Les avantages des systèmes de guidage sont multiples. Principalement, ils permettent d’augmenter l’efficacité globale des opérations culturales en réduisant notamment le chevauchement des applications d’intrants (semences, fertilisants, pesticides, etc.). Cela se traduit par des économies de carburant, de temps et d’intrants, ce qui entraine une réduction des coûts associés, ainsi qu’une diminution de la fatigue de l’opérateur. Par exemple, une étude américaine rapporte des économies de temps et de carburant d’environ 6 % pour les agriculteurs utilisant des systèmes d’assistance à la conduite et d’environ 11 % pour les systèmes d’autoguidage (Bora, Nowatzki, et Roberts, 2012). De même, la diminution de la consommation de carburant et d’engrais contribue à réduire les émissions de GES. Par exemple, l’étude de Tremblay et al. (2013) rapporte une diminution de la consommation de carburant, et donc d’émissions GES, variant de 8 à 14 % pour les opérations de semis et de travail du sol.
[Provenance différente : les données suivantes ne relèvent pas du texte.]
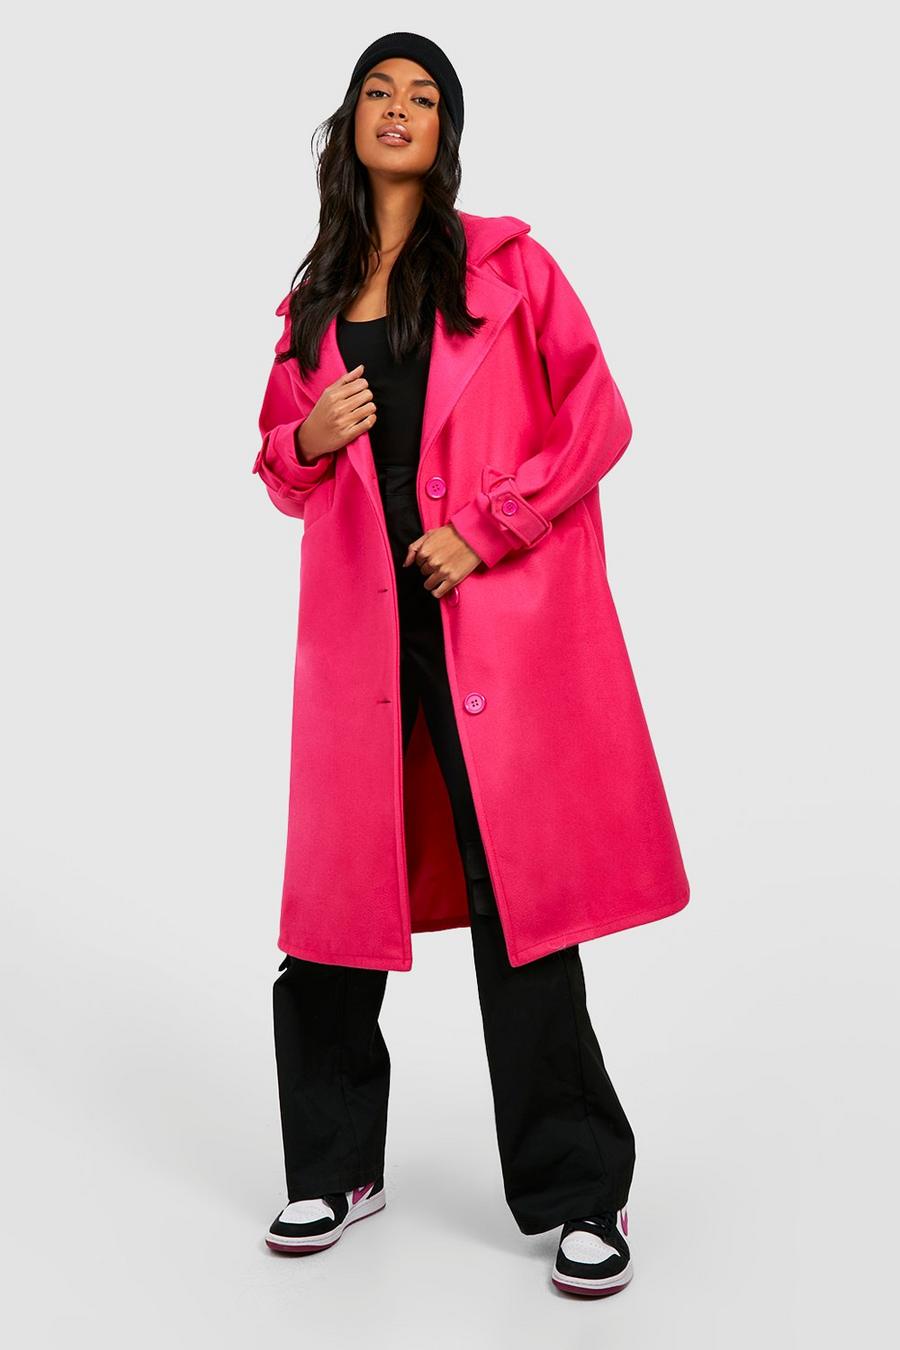 Manteau super oversize en laine, Bright pink rose
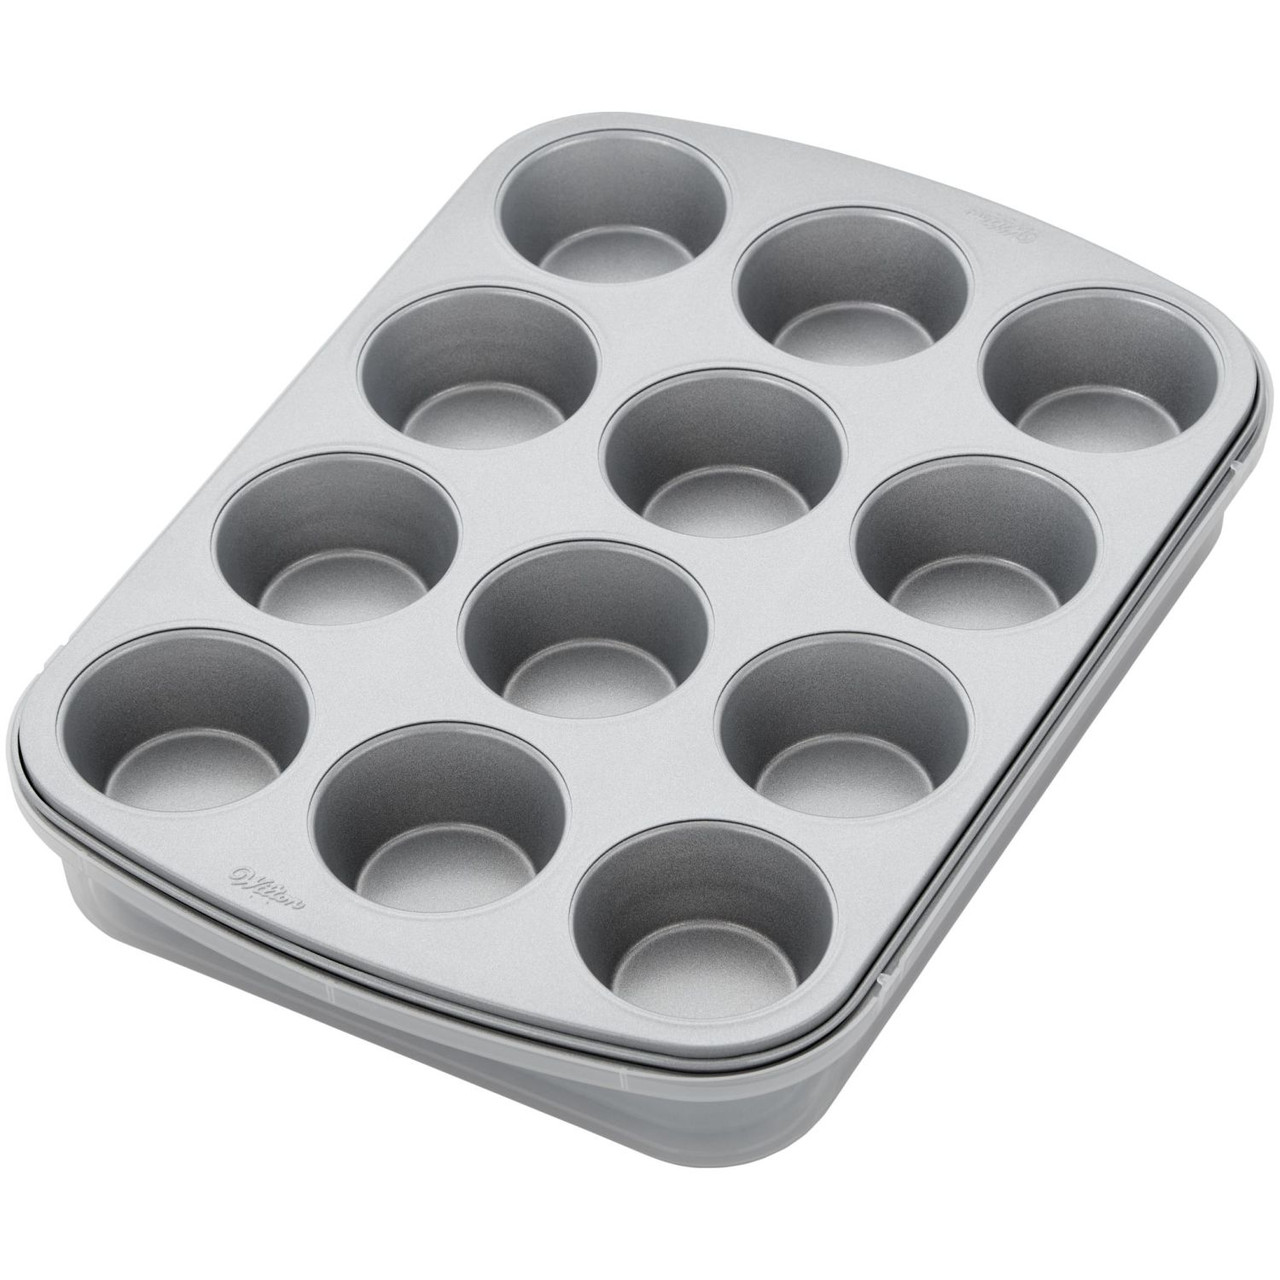 Baking Pans Sets Nonstick，5pcs Bakeware Sets with 12 Cup Cupcake Muffin  pan,Round/Square Cake Pan, Muffin Pan, Loaf Pan, Roast Pan, Baking Sheets  for

Enfin, la plus grande précision des passages de la machinerie dans les voies de circulation permet de minimiser la compaction du sol (voir section 4.1.3). Cela constitue le principal avantage des systèmes de guidage par GPS en ce qui concerne l’adaptation aux CC des pratiques agricoles. (Tremblay et al., 2013; Soto et al., 2019) Afin de maximiser les avantages des technologies de guidage, les agriculteurs peuvent prendre la voie de l’agriculture à circulation contrôlée.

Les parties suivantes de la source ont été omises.